[Work required] The response should contain all of the data below, reproduced exactly, and no pictures.

[Collected material]
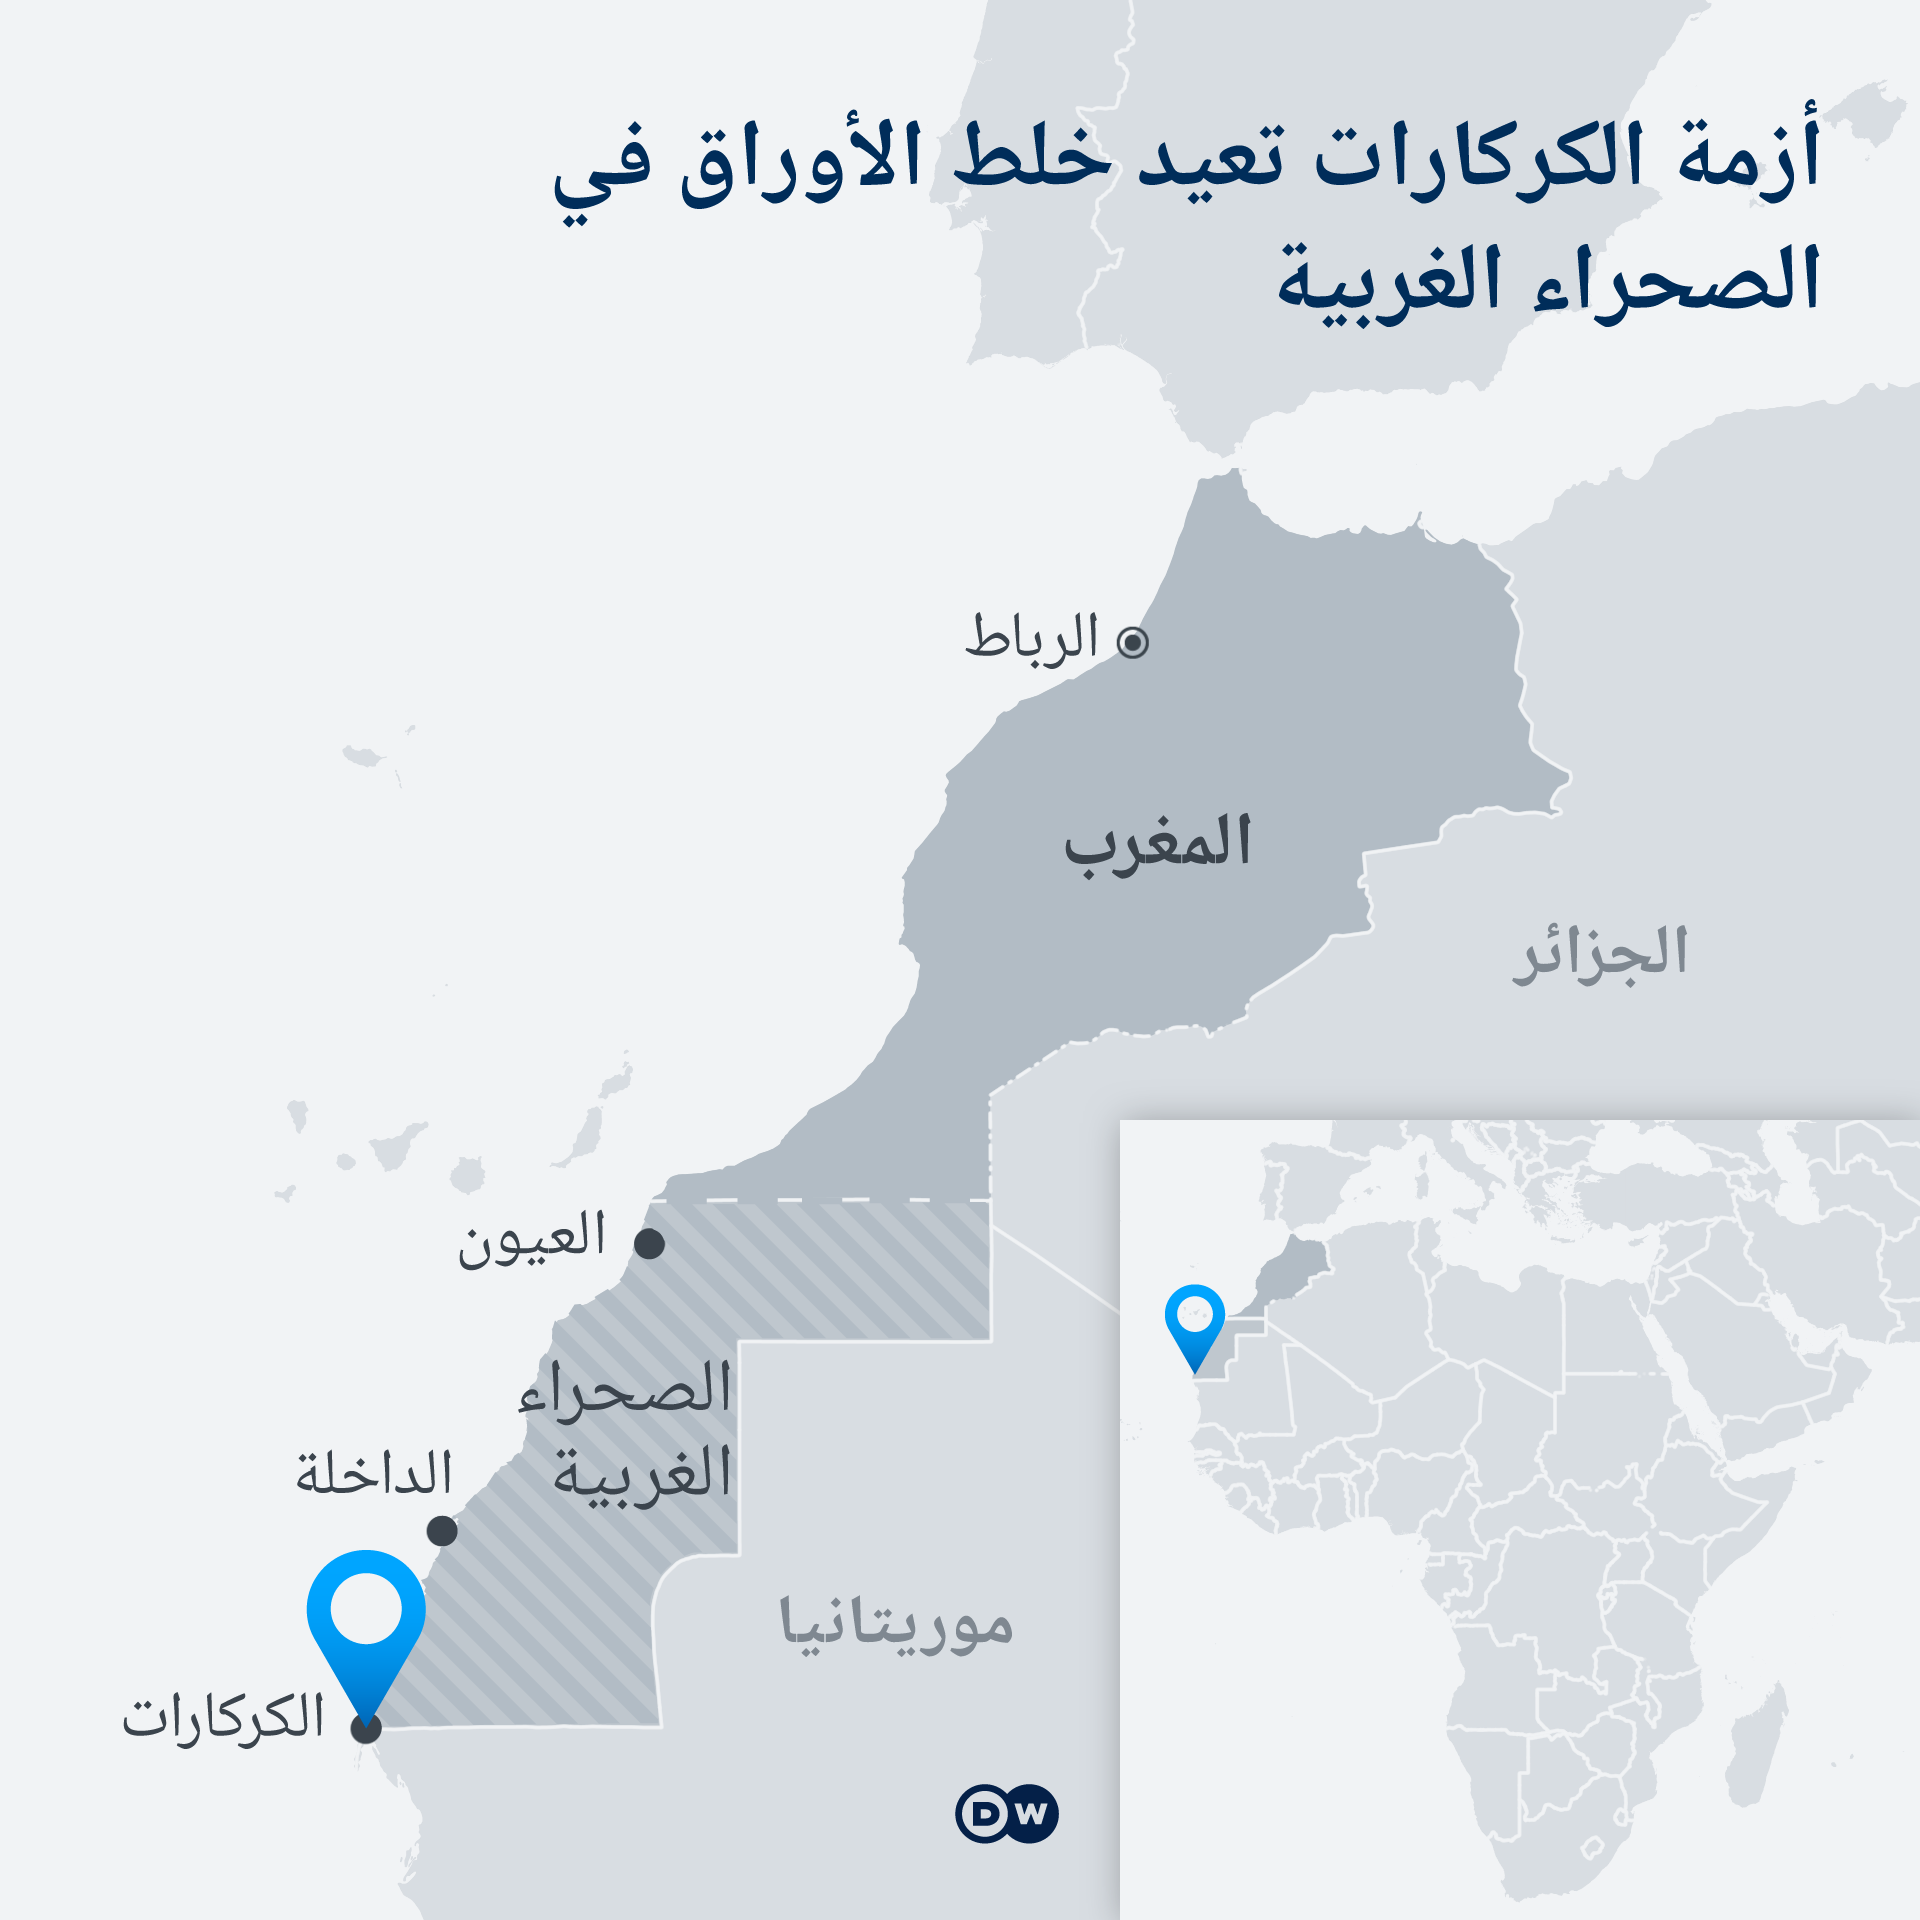 خريطة المغرب بما فيها الصحراء الغربية. WESTSAHARA MAROKKO MAP DW
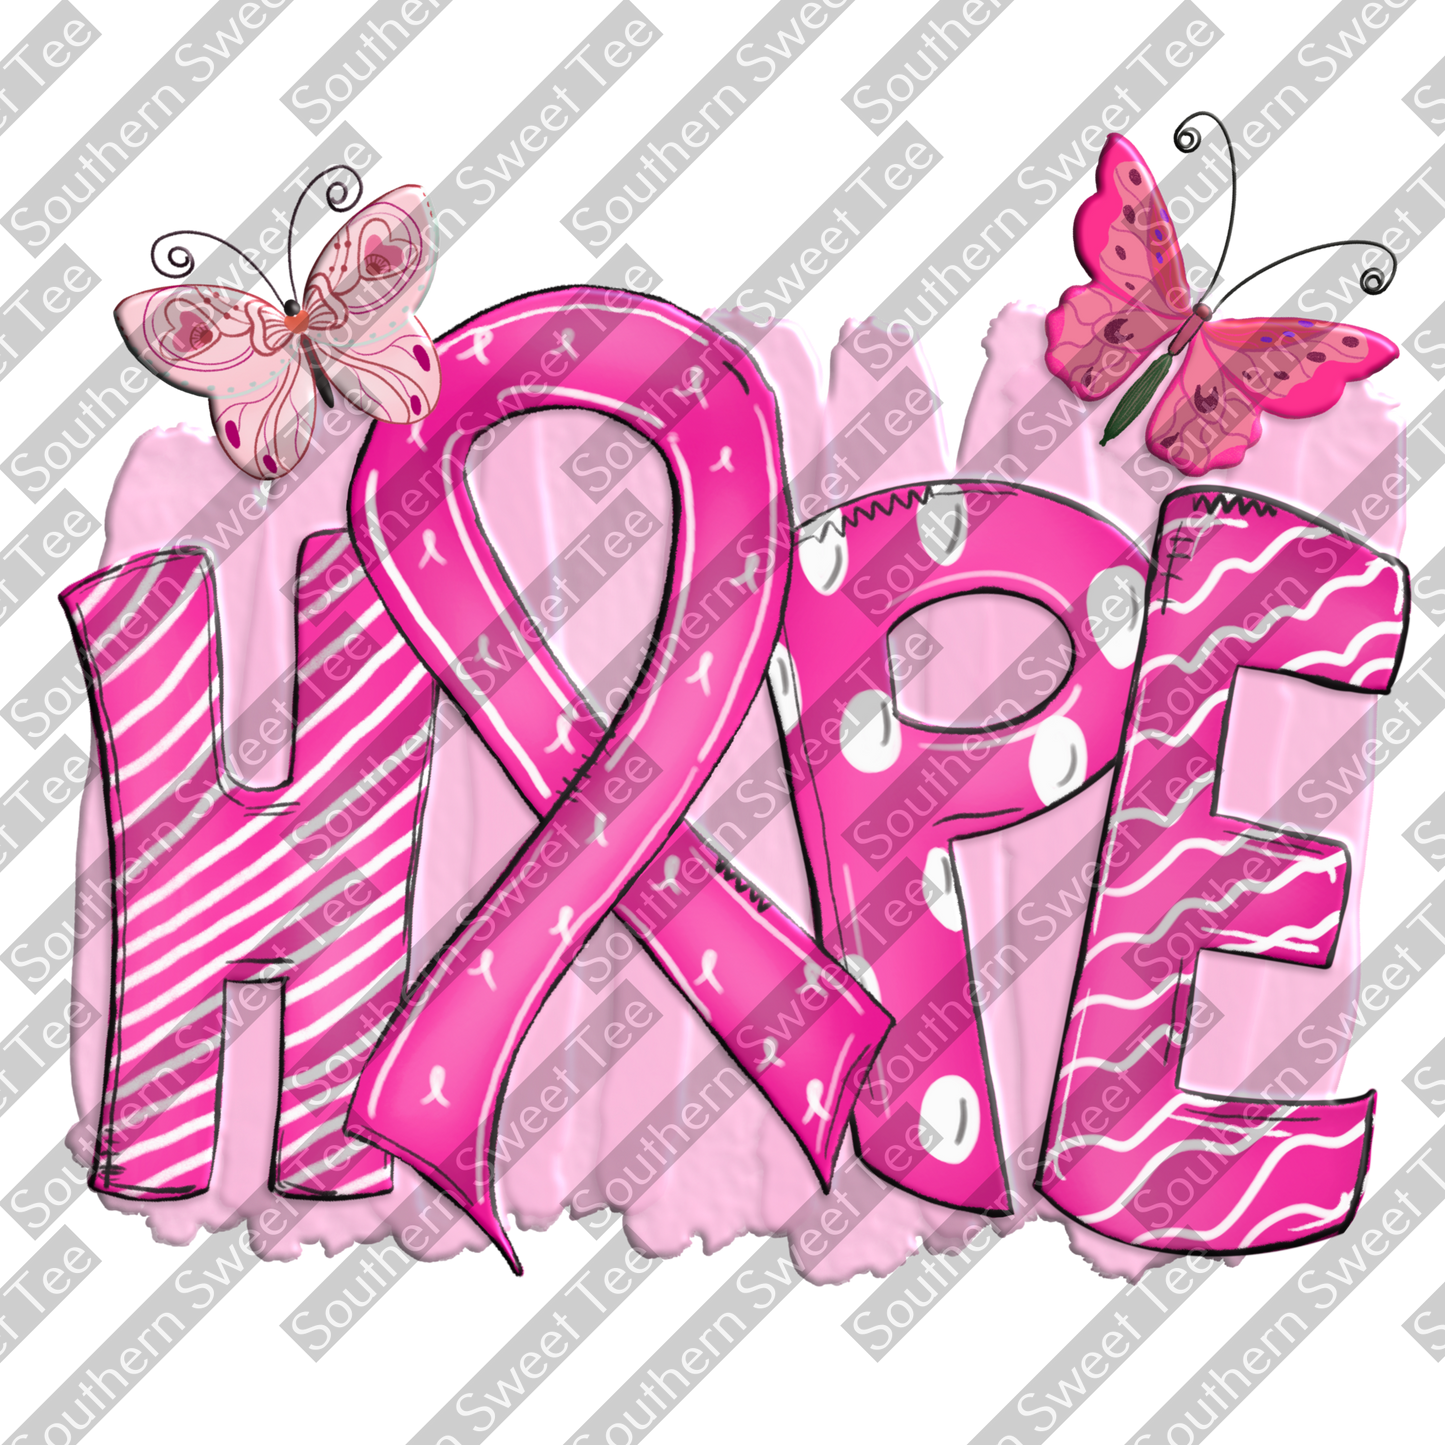 breast cancer hope .bnb
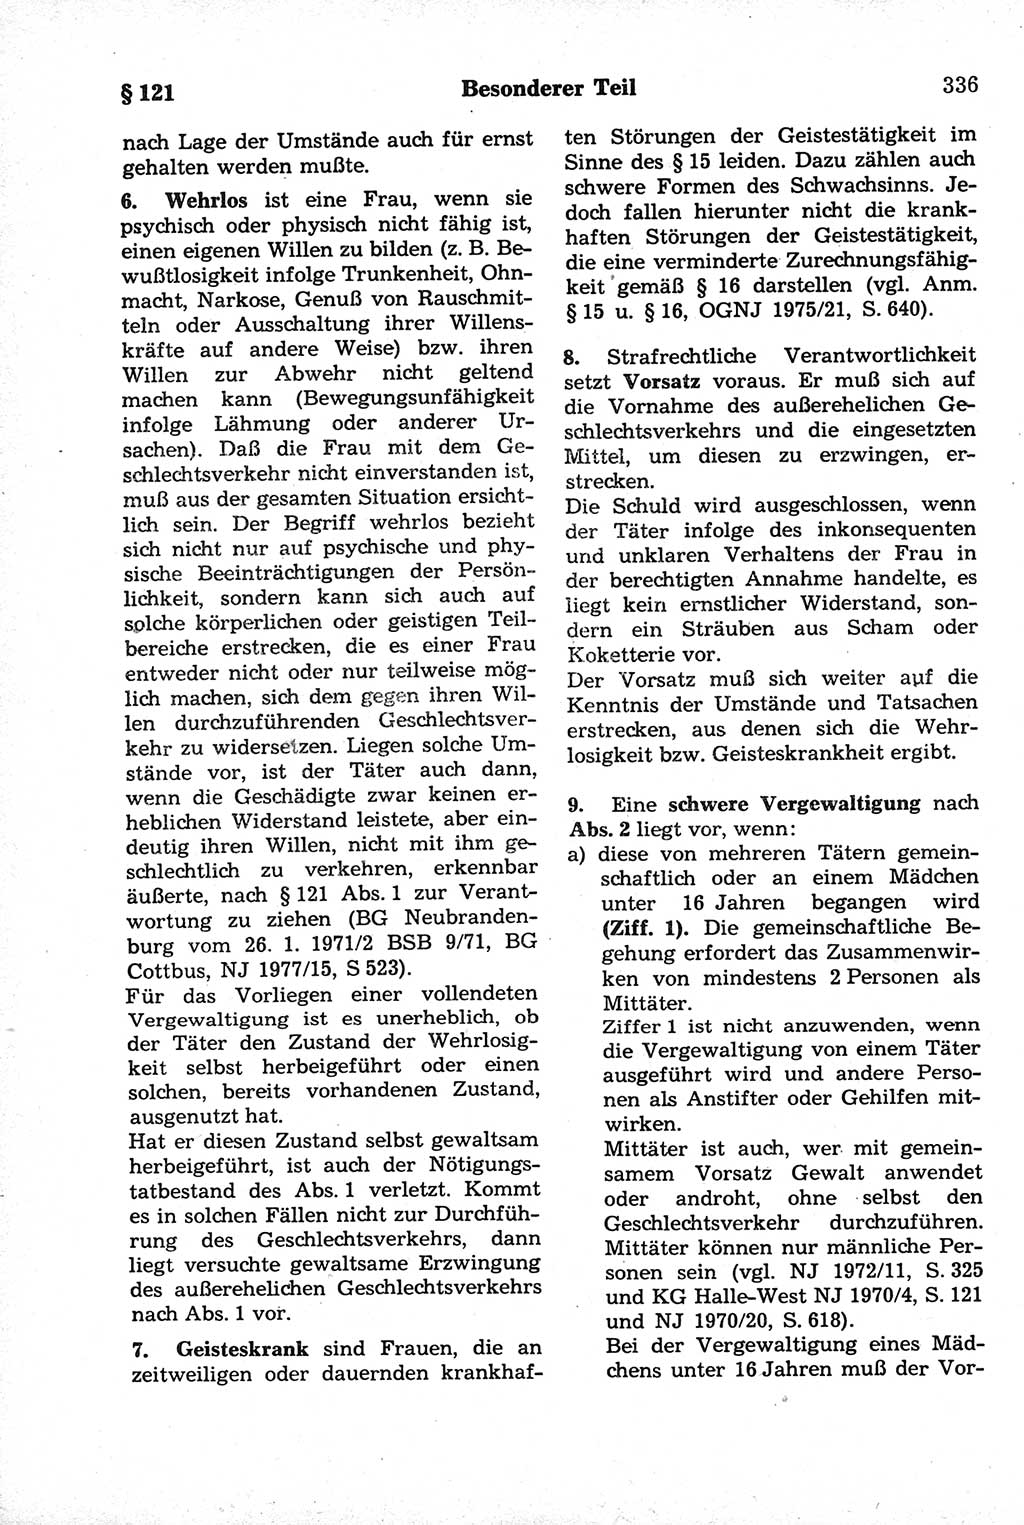 Strafrecht der Deutschen Demokratischen Republik (DDR), Kommentar zum Strafgesetzbuch (StGB) 1981, Seite 336 (Strafr. DDR Komm. StGB 1981, S. 336)

[Response]
 خريطة المغرب بما فيها الصحراء الغربية. WESTSAHARA MAROKKO MAP DW
 breast cancer hope .bnb
 Strafrecht der Deutschen Demokratischen Republik (DDR), Kommentar zum Strafgesetzbuch (StGB) 1981, Seite 336 (Strafr. DDR Komm. StGB 1981, S. 336)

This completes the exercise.